As part of National Catholic Sisters Week, Sister Fran set up a donation challenge to raise $500 in one week. To date, nearly $3,000 has been raised to benefit the Food Access and Urban Farm Program of Bon Secours Community Works in Baltimore, MD.

Sister Fran’s funds will be used to grow strawberry vines on our farm. We currently only grow vegetables and strawberries are a frequently requested item by community members.

Our urban farm program currently feeds 82 West Baltimore families on a bi-weekly basis. The bags of food have a value of $20. During the COVID-19 pandemic, we sought additional funding, including from the Sisters of Bon Secours, that increased the value of the bags to $30.

In 2020, we grew and distributed 3,382 lbs. of food in addition to food we procured from other local farms and the Maryland Food Bank.

“The Urban Farm and our Food Access Program began with having conversations with the community about what they need,” says Colin Smith, who leads economic development department at Bon Secours Community Works. “We try to make sure that community engagement and dialogue are ongoing and not a one-time activity.”

He adds, “when we began this journey in 2017, we only planned to deliver food to families and did not have initial plans to do educational activities, create a community gathering space, or even to place food storage containers on our farm with community inspired artwork displayed on them. The farm and the delivery program have become so much more impactful because we did one simple thing – listen to our neighbors.”

The program uses a three-fold approach to food access: production, distribution and education.

Fresh vegetables are grown on the ¼-acre urban farm located across the street from Bon Secours’ Community Center. Then, the food is harvested and distributed to food insecure families in West Baltimore through a weekly delivery program and Mobile Market.

We recognize it is not enough to only provide access to healthy food. So, we also host nutrition as well as cooking courses on how to prepare the same produce that we deliver to families.

The farm represents the intersection of several social determinants of health: community beautification, workforce development, healthy food access, and a community gathering space —all of which were informed through community engagement activities.

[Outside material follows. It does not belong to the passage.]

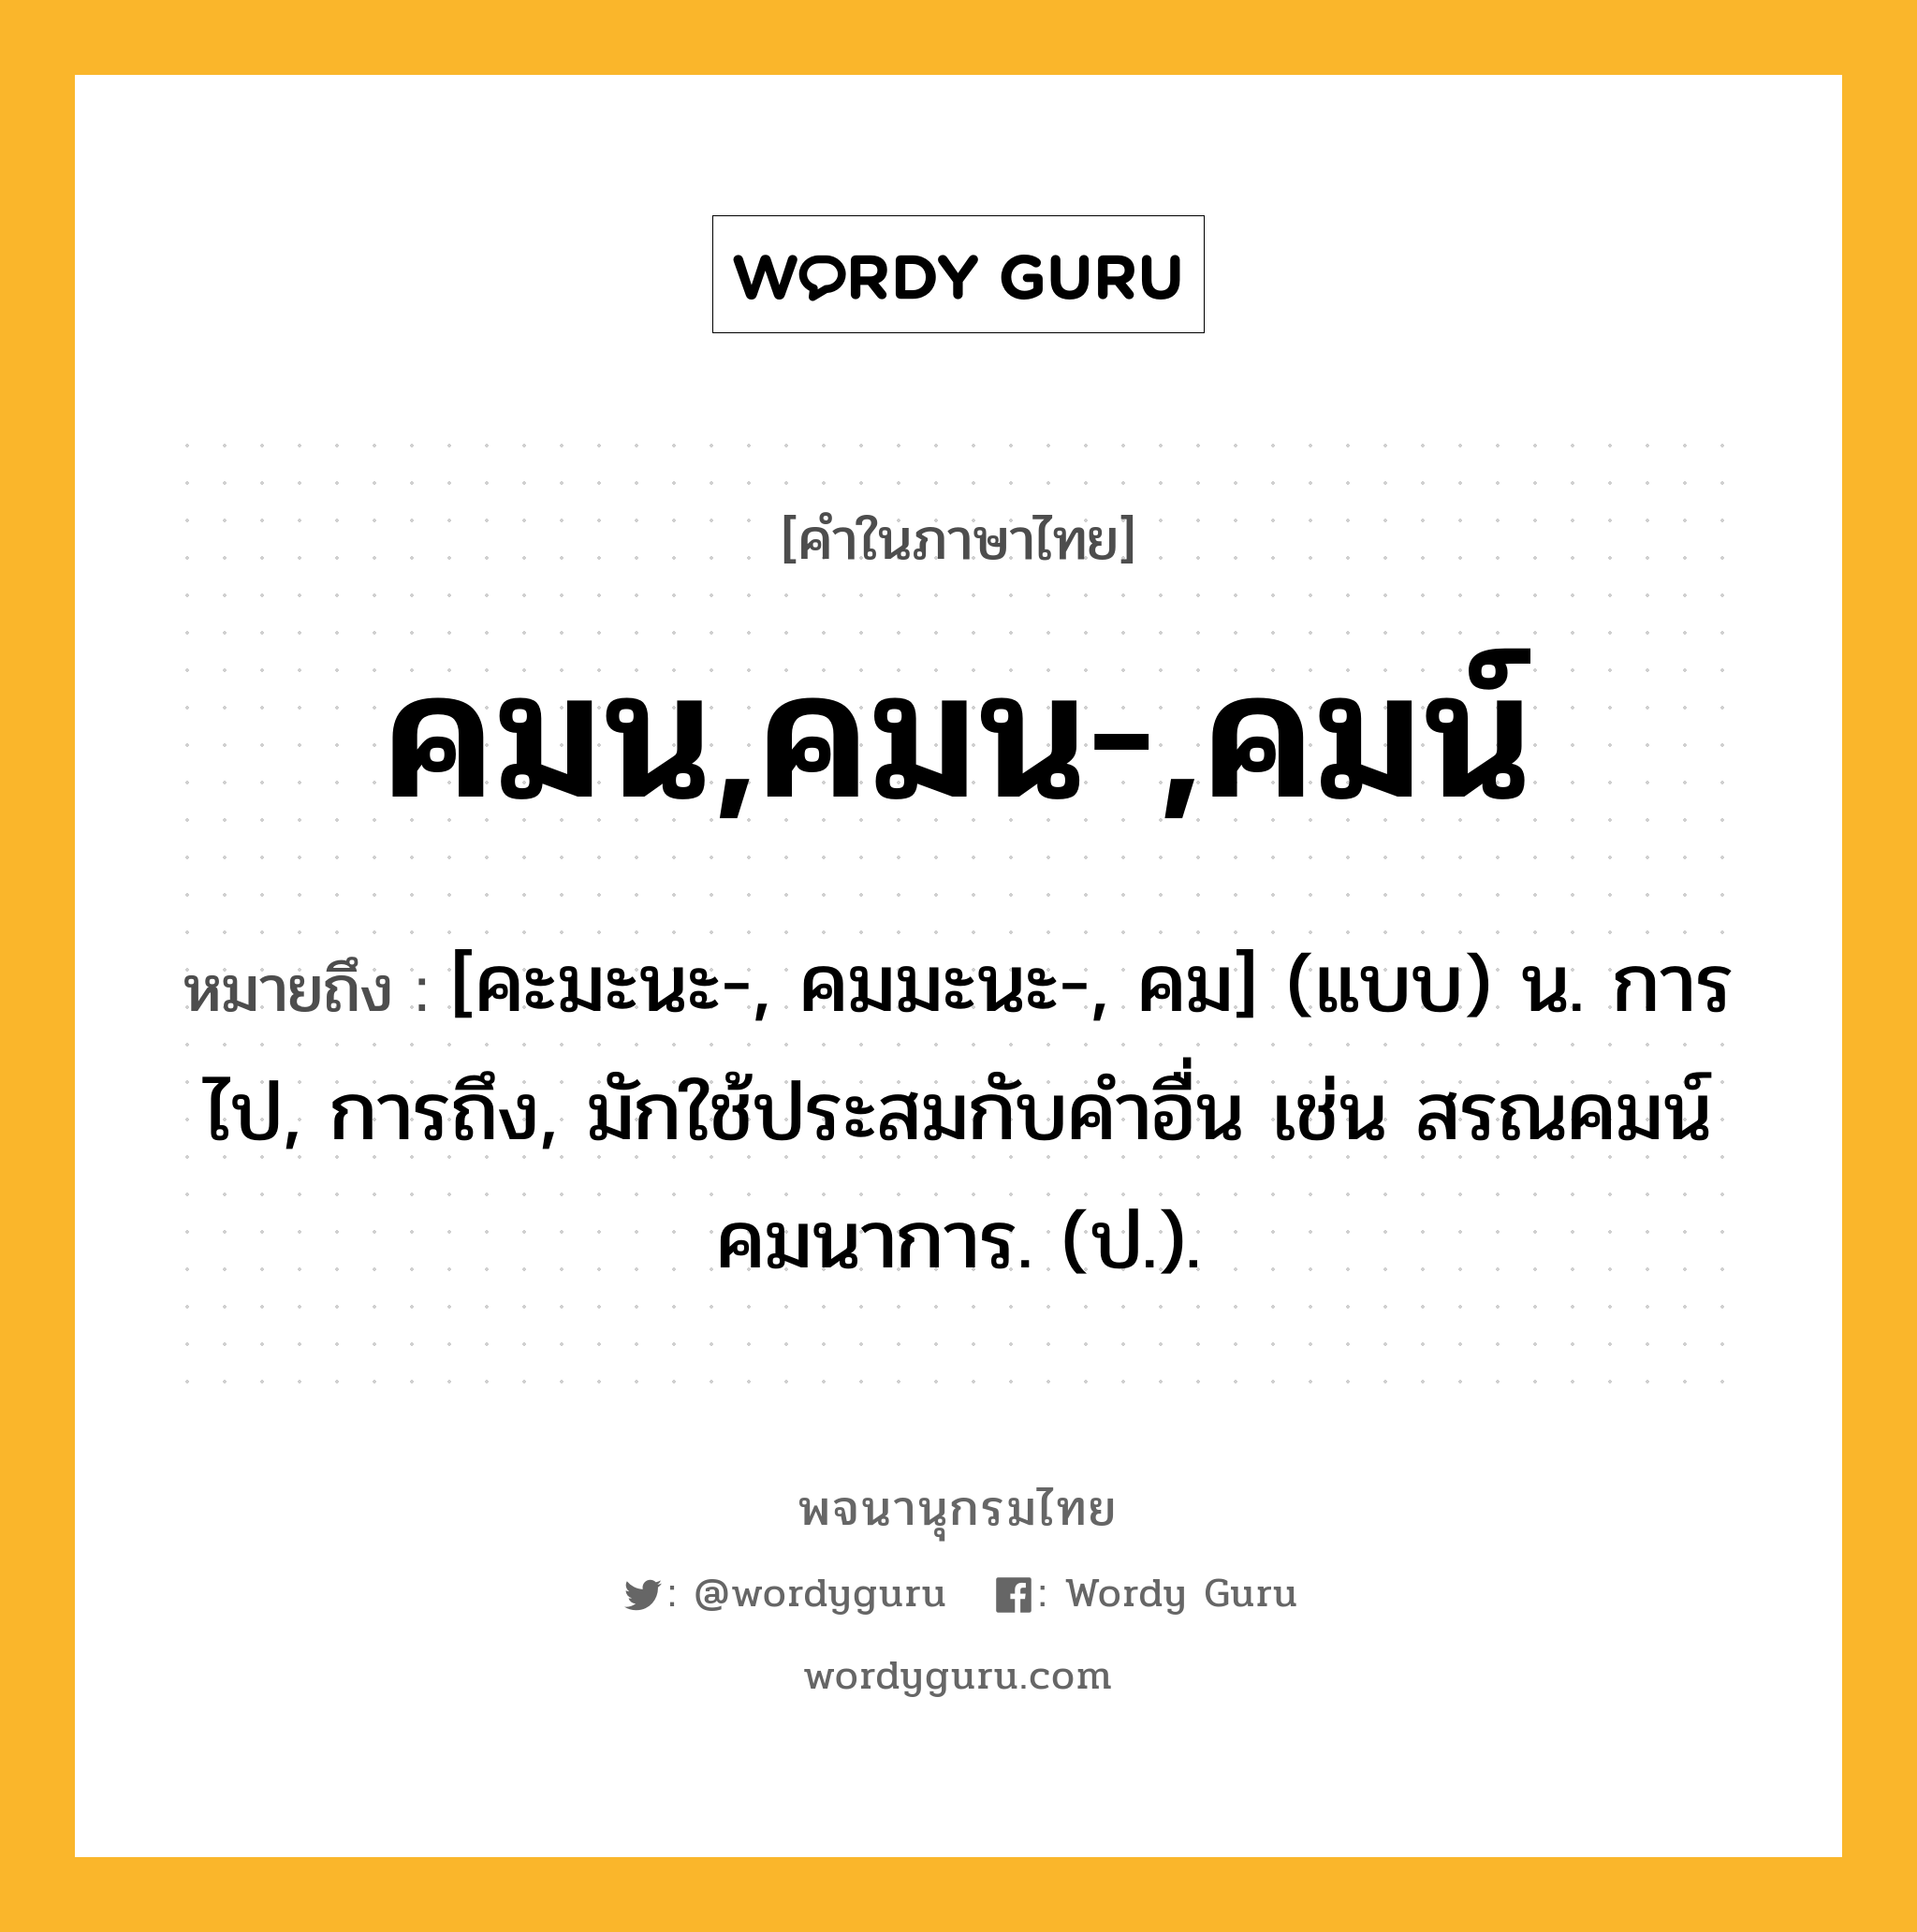 คมน,คมน-,คมน์ ความหมาย หมายถึงอะไร?, คำในภาษาไทย คมน,คมน-,คมน์ หมายถึง [คะมะนะ-, คมมะนะ-, คม] (แบบ) น. การไป, การถึง, มักใช้ประสมกับคําอื่น เช่น สรณคมน์ คมนาการ. (ป.).

We’ve transformed 14 vacant lots into a value-added space to the community, with two hoop houses for food growing year round, a nursery that will have aquaponics and hydroponics to support year-round growing and will serve as an education space for community members, a wash and refrigeration container and a temperature-controlled food storage container.

The community garden space is for community members to rent, for free, to grow food for their household while learning hands on from our urban farmer.

“This community gathering space as a place where community members can seek respite from a concrete dense, loud city environment,” shares Sister Fran.

Soon, we plan to add beehives to the farm and will distribute honey to program participants. Additionally, our Clean & Green trainees learn about urban farming while maintaining the farm, which creates a workforce development opportunity for participants.

Access to healthy food and community unity were two priorities that came out of Baltimore’s 2016 Community Health Needs Assessment. This farm and these programs are our direct response to what West Baltimore identified as aspects that needed to improve the health of the community.